My initial reaction was to plug in the power cable which I realised wasn’t working. So I switched it off and left it plugged into power overnight. Still there was no charge. I unplugged it from power and noticed the light was still blinking near the power cable plug. I left it unplugged while I went to work. When I got home the light had stopped blinking. I plugged it back into power and now an amber light came on instead of the blinking light.
My vague understanding is the Stream must need to drain the battery to reset the battery to once again take a charge? I will also try charging it at around 30% discharge to see if it will start charging and update this post at a later date.
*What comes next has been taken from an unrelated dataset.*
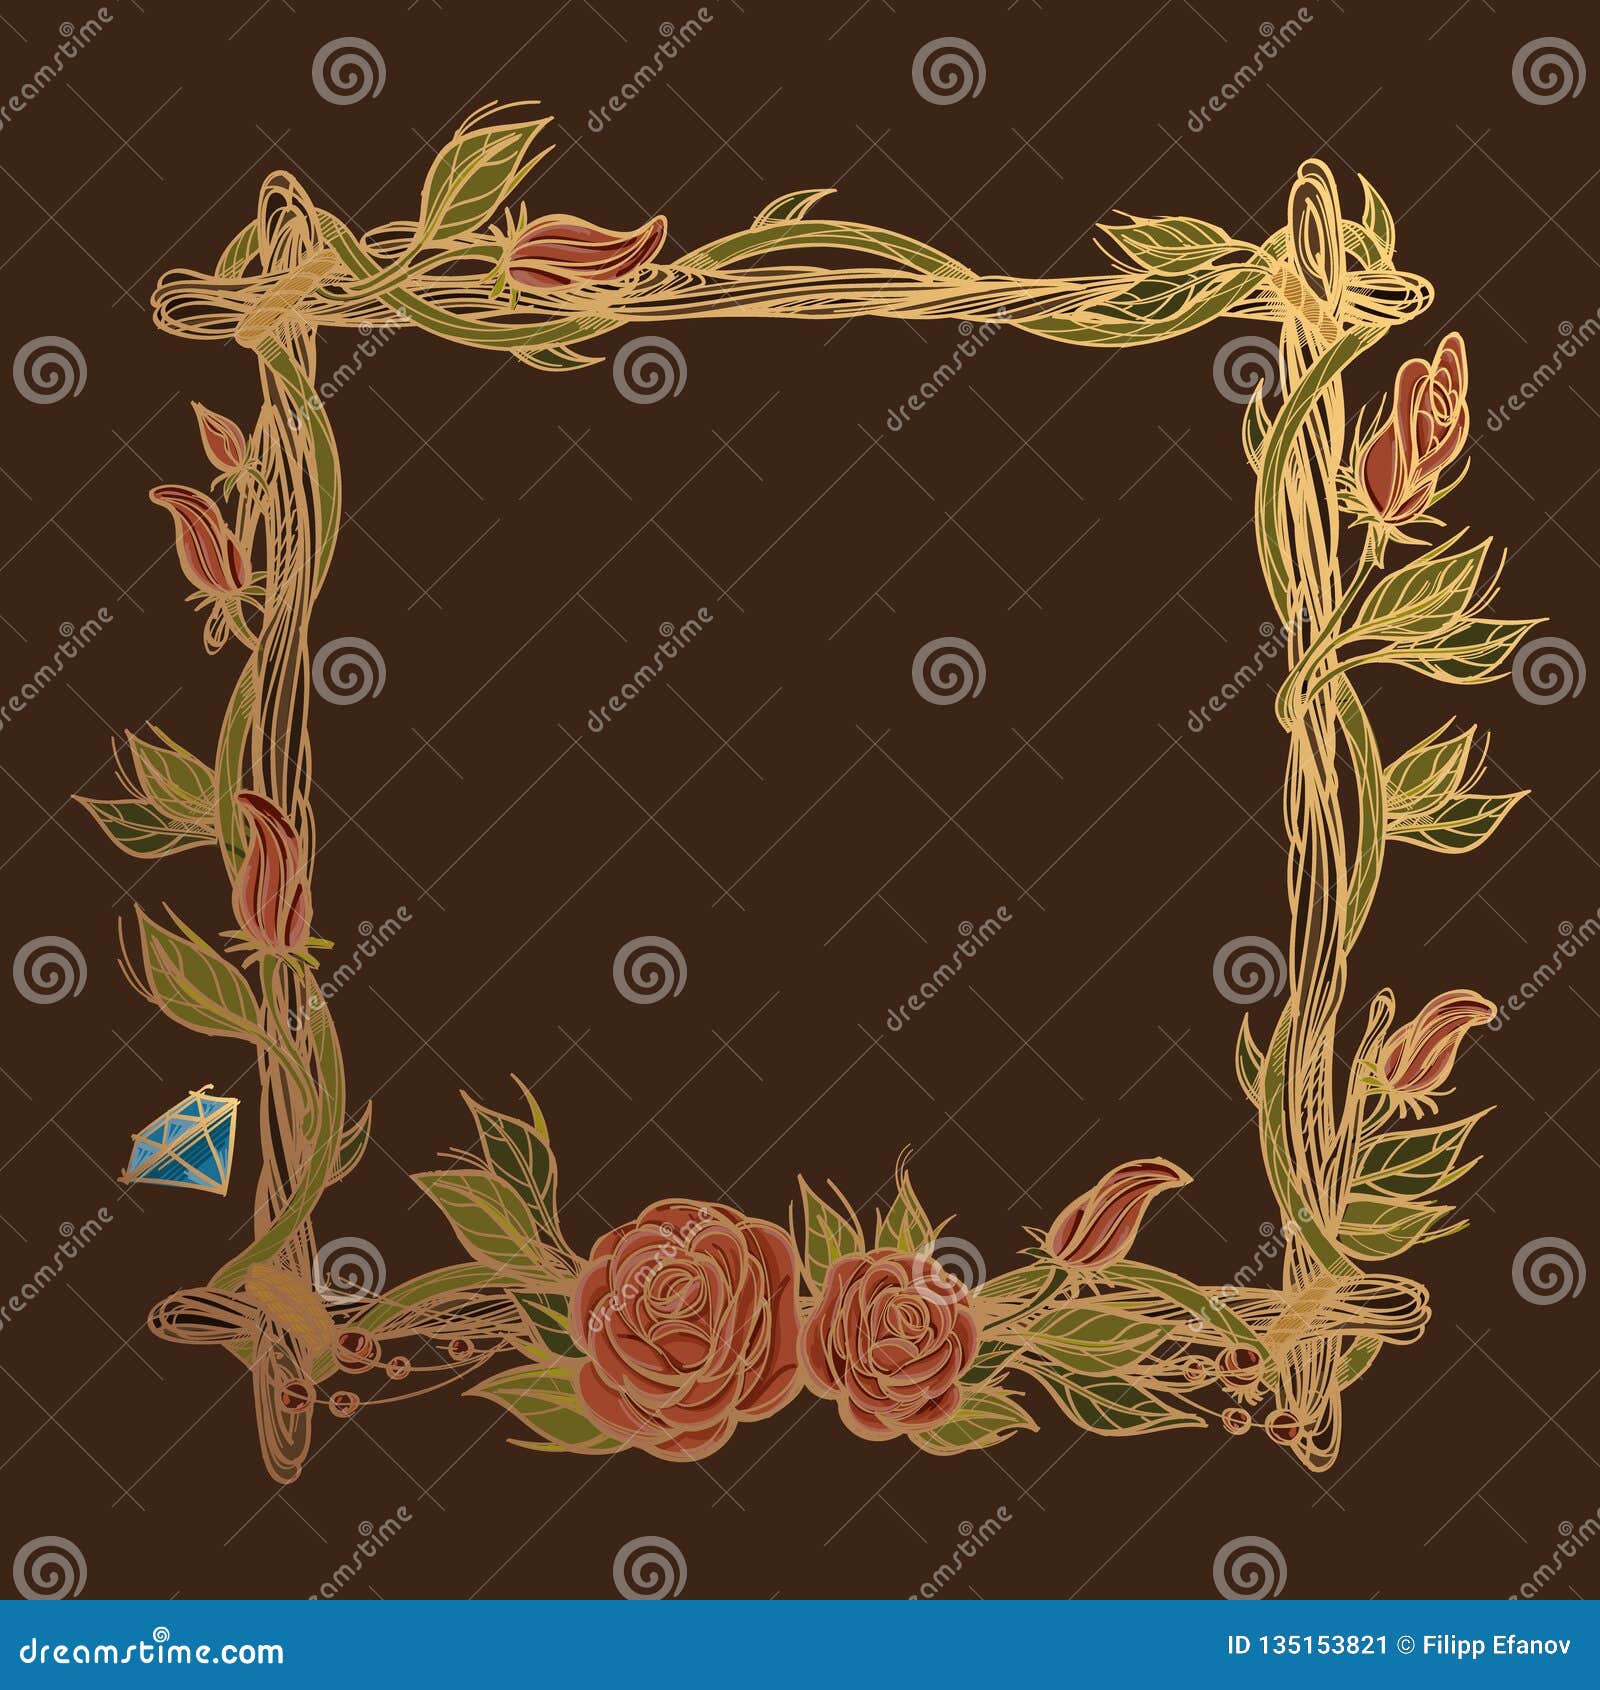 Square Golden Frame Made of Branches with Roses and Flower Buds

It got me worried at first to see the Stream not take a charge after it had reached a critical battery point. As I was at work all day, I am not sure how long it took for the battery to completely drain as it was switched off, and off power as well. The blinking light is the key to this mystery. It is not the same light as the one that goes on in ‘suspended’ mode which is on the other side near the USB ports.
I couldn’t find anything in the BIOS settings to give me clues, or in a whole lot of Google searches which centred around Windows drivers and failed batteries. Hopefully this post helps someone with the same problem. It is a great laptop and I paired it back to CLI and multi user rather than graphical log in to help with battery life and ease distractions from a GUI.
(UPDATE; It looks like the battery has to completely drain each time before recharge, at least while on Ubuntu. So when the light stops flickering near the power port it is ready to recharge. Don’t try and put in the cable or it won’t fully drain.)